The basic principles to reduce the general risk of transmission of acute respiratory infections include the following: 
Avoiding close contact with people suffering from acute respiratory infections. 
Frequent hand-washing, especially after direct contact with ill people or their environment. 
Avoiding unprotected contact with farm or wild animals. 
People with symptoms of acute respiratory infection should practice cough etiquette (maintain distance, cover coughs and sneezes with disposable tissues or clothing, and wash hands). 
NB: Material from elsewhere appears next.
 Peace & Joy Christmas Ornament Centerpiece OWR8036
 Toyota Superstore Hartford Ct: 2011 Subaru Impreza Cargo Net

Within healthcare facilities, enhance standard infection prevention and control practices in hospitals, especially in emergency departments.

Two Strains?

The SARS-CoV-2 epidemic started in late December 2019 in Wuhan, China, and has since impacted a large portion of China and raised major global concern. Herein, we investigated the extent of molecular divergence between SARS-CoV-2 and other related coronaviruses. Although we found only 4% variability in genomic nucleotides between SARS-CoV-2 and a bat SARS-related coronavirus (SARSr-CoV; RaTG13), the difference at neutral sites was 17%, suggesting the divergence between the two viruses is much larger than previously estimated. Our results suggest that the development of new variations in functional sites in the receptor-binding domain (RBD) of the spike seen in SARS-CoV-2 and viruses from pangolin SARSr-CoVs are likely caused by mutations and natural selection besides recombination. Population genetic analyses of 103 SARS-CoV-2 genomes indicated that these viruses evolved into two major types (designated L and S), that are well defined by two different SNPs that show nearly complete linkage across the viral strains sequenced to date. Although the L type (70%) is more prevalent than the S type (30%), the S type was found to be the ancestral version. Whereas the L type was more prevalent in the early stages of the outbreak in Wuhan, the frequency of the L type decreased after early January 2020. Human intervention may have placed more severe selective pressure on the L type, which might be more aggressive and spread more quickly. On the other hand, the S type, which is evolutionarily older and less aggressive, might have increased in relative frequency due to relatively weaker selective pressure. These findings strongly support an urgent need for further immediate, comprehensive studies that combine genomic data, epidemiological data, and chart records of the clinical symptoms of patients with coronavirus disease 2019 (COVID-19).